Apple Push Notification Device Tokens

Written by Mattt September 16^th, 2019

In law, the latin phrase stare decisis (“to stand by things decided”) is often used to refer to the doctrine of precedent — the idea that, when deciding a case, a court should look to previous decisions made for cases with similar facts and scenarios. This principle serves as a foundation of the American legal system, and the English common law from which it derives.

For example, consider Apple v. Pepper, which was argued before the Supreme Court of the United States in its most recent session and sought to settle the following question:

If Apple and its App Store constitute a monopoly, can consumers sue Apple for offering apps at higher-than-competitive prices, even when the prices are set by third-party developers?

In its decision, the Court relied on precedent set in 1977 by a case known as Illinois Brick, which itself affirmed a ruling made a decade earlier in a case called Hanover Shoe. On its face, iPhones in 2010’s would seem to have little to do with bricks from the 1970’s (aside from the obvious connotation), but within the context of United States antitrust law, the connection between the two was inescapable.

Adherence to precedence confers inertia in the decision-making process. It promotes stability throughout the legal system and the institutions that rely on a consistent application of laws.

However, like inertia, precedence can also be overcome with sufficiently compelling reasons; we are bound by the past only insofar as to give it due consideration.

Bearing all of that in mind, let’s smash cut to our subject for this week’s brief: Apple Push Notification Device Tokens — and in particular, a single change in iOS 13 that may incidentally break push notifications for thousands of apps.

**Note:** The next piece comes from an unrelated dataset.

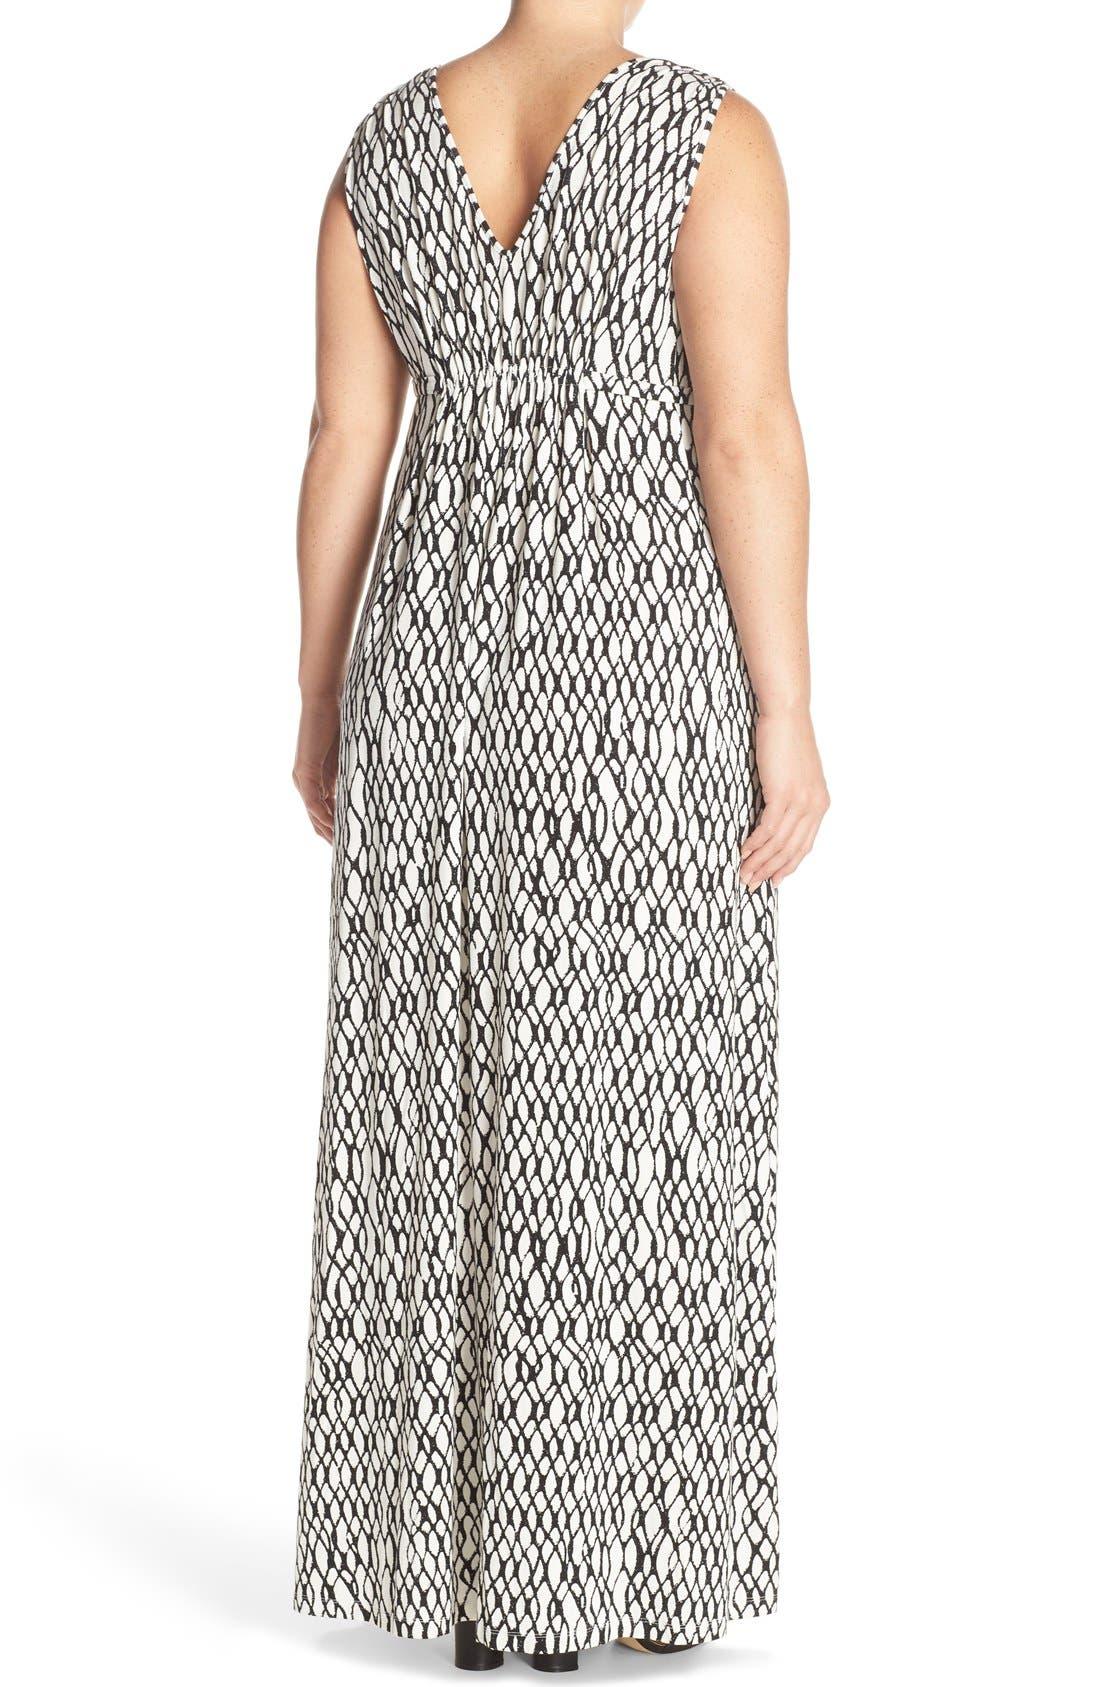 Grecia Sleeveless Jersey Maxi Dress,                             Alternate thumbnail 40, color,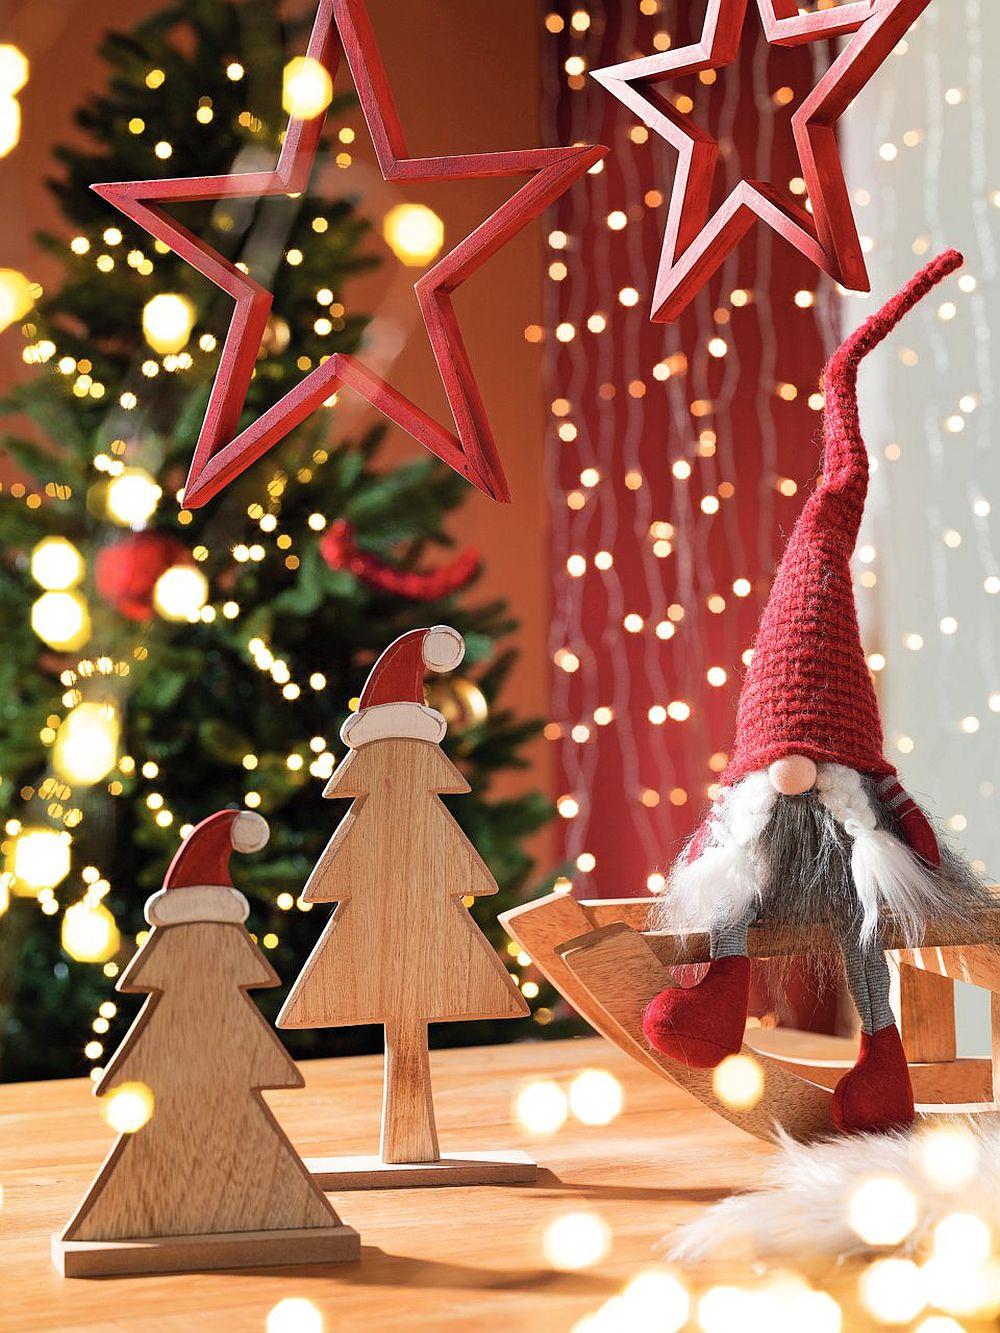 Vezi mai multe decorațiuni de Crăciun AICI

A Push Notifications Primer

Push notifications allow apps to communicate with users in response to remote events when they aren’t currently in use.

Unlike SMS or email, which allows a sender to communicate with a recipient directly using a unique identifier (a phone number and email address, respectively), communication between the app’s remote server and the user’s local device are facilitated by the Apple Push Notification service (APNs).

Here’s how that works:

After launching an app, the app calls the method registerForRemoteNotifications(), prompting the user to grant the app permission to send push notifications.
In response to permission being granted, the app delegate calls the method application(_:didRegisterForRemoteNotificationsWithDeviceToken:).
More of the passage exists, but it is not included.